◆ DATA FOR THIS TASK
####

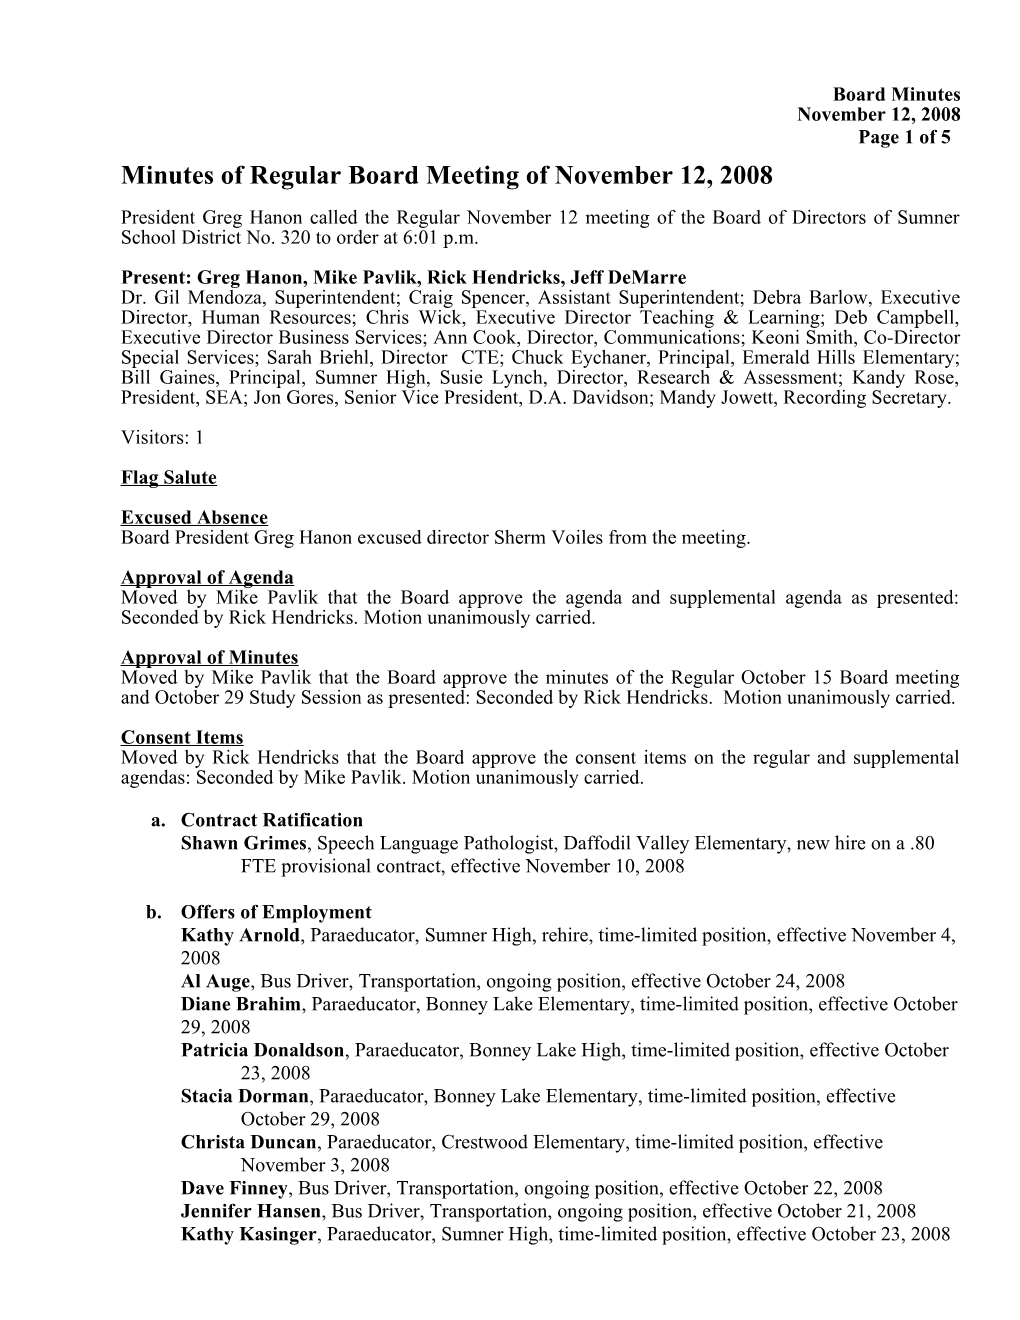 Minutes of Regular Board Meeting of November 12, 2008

####

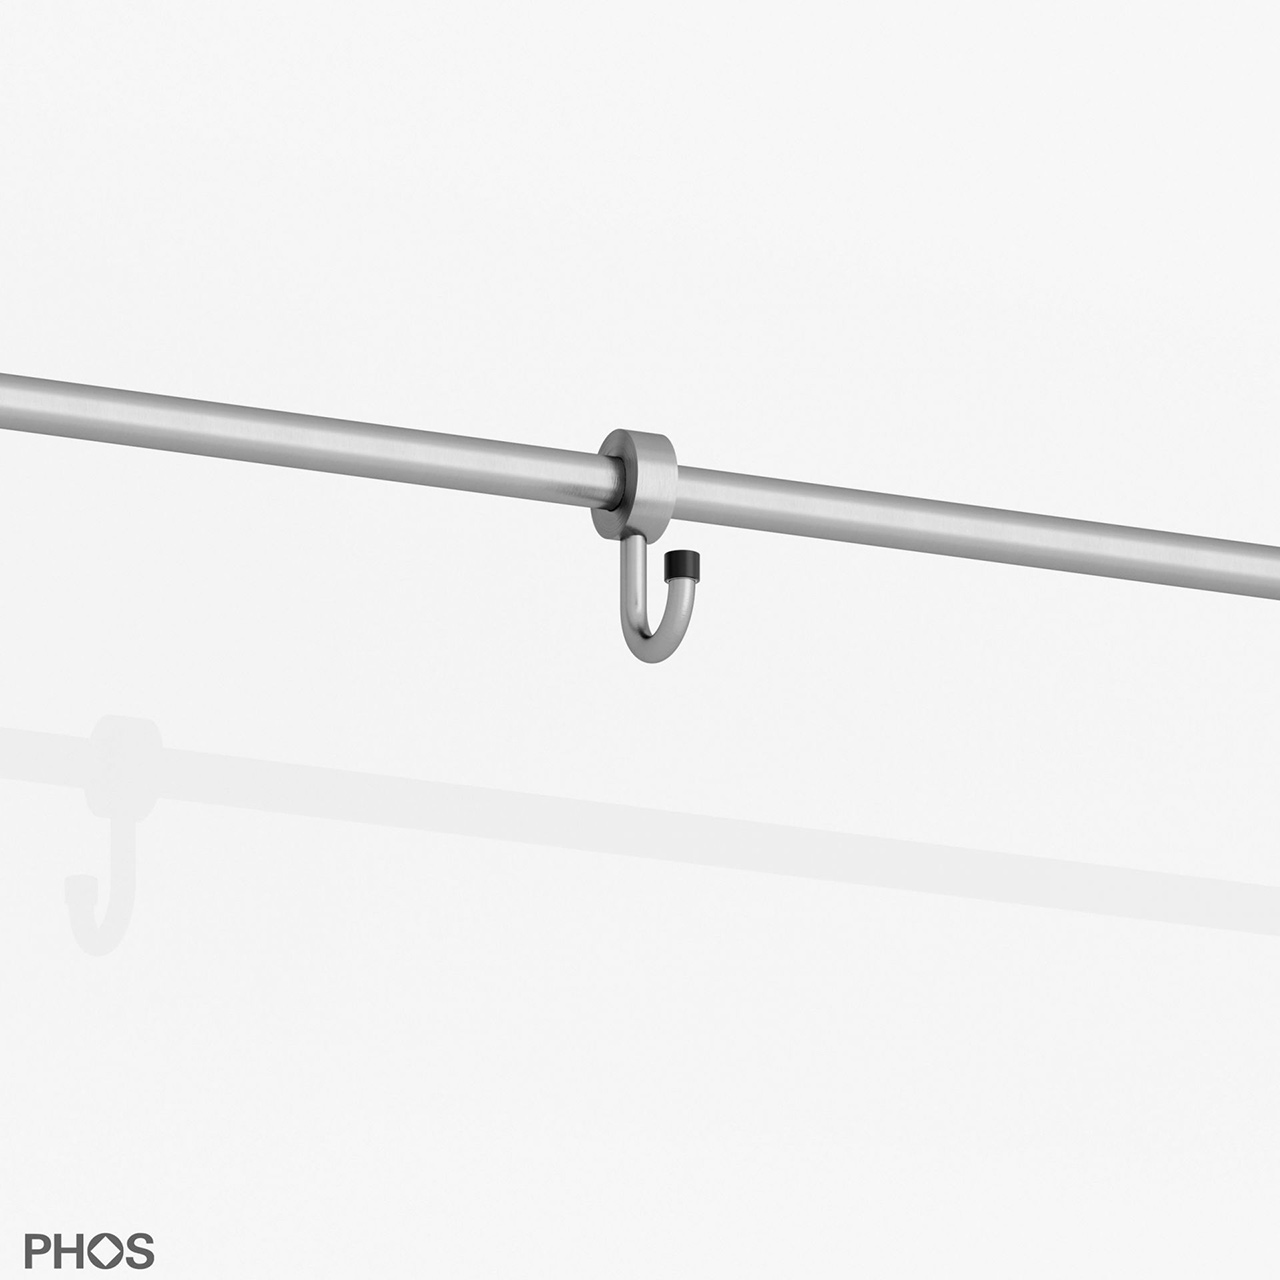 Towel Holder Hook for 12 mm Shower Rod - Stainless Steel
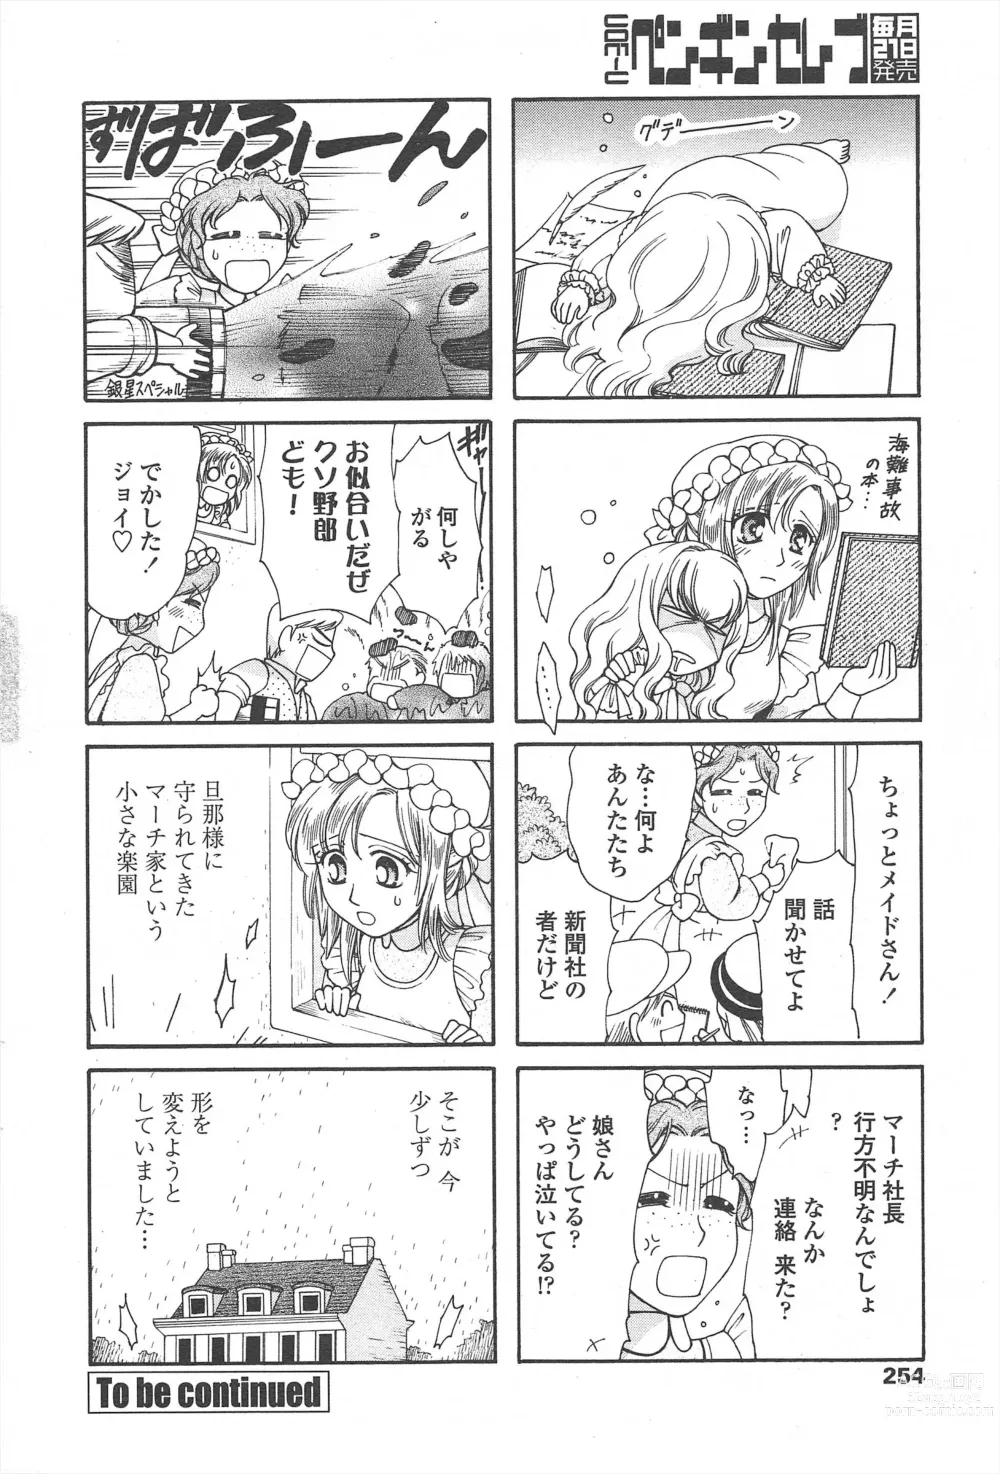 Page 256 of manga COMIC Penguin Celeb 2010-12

####

◆ TASK TO COMPLETE
Everything from the line with "Towel Holder Hook" through the line with "Page 256 of" in the material above should be transcribed exactly, except the pictures.

◆ TASK RESULT
 Towel Holder Hook for 12 mm Shower Rod - Stainless Steel
 Page 256 of manga COMIC Penguin Celeb 2010-12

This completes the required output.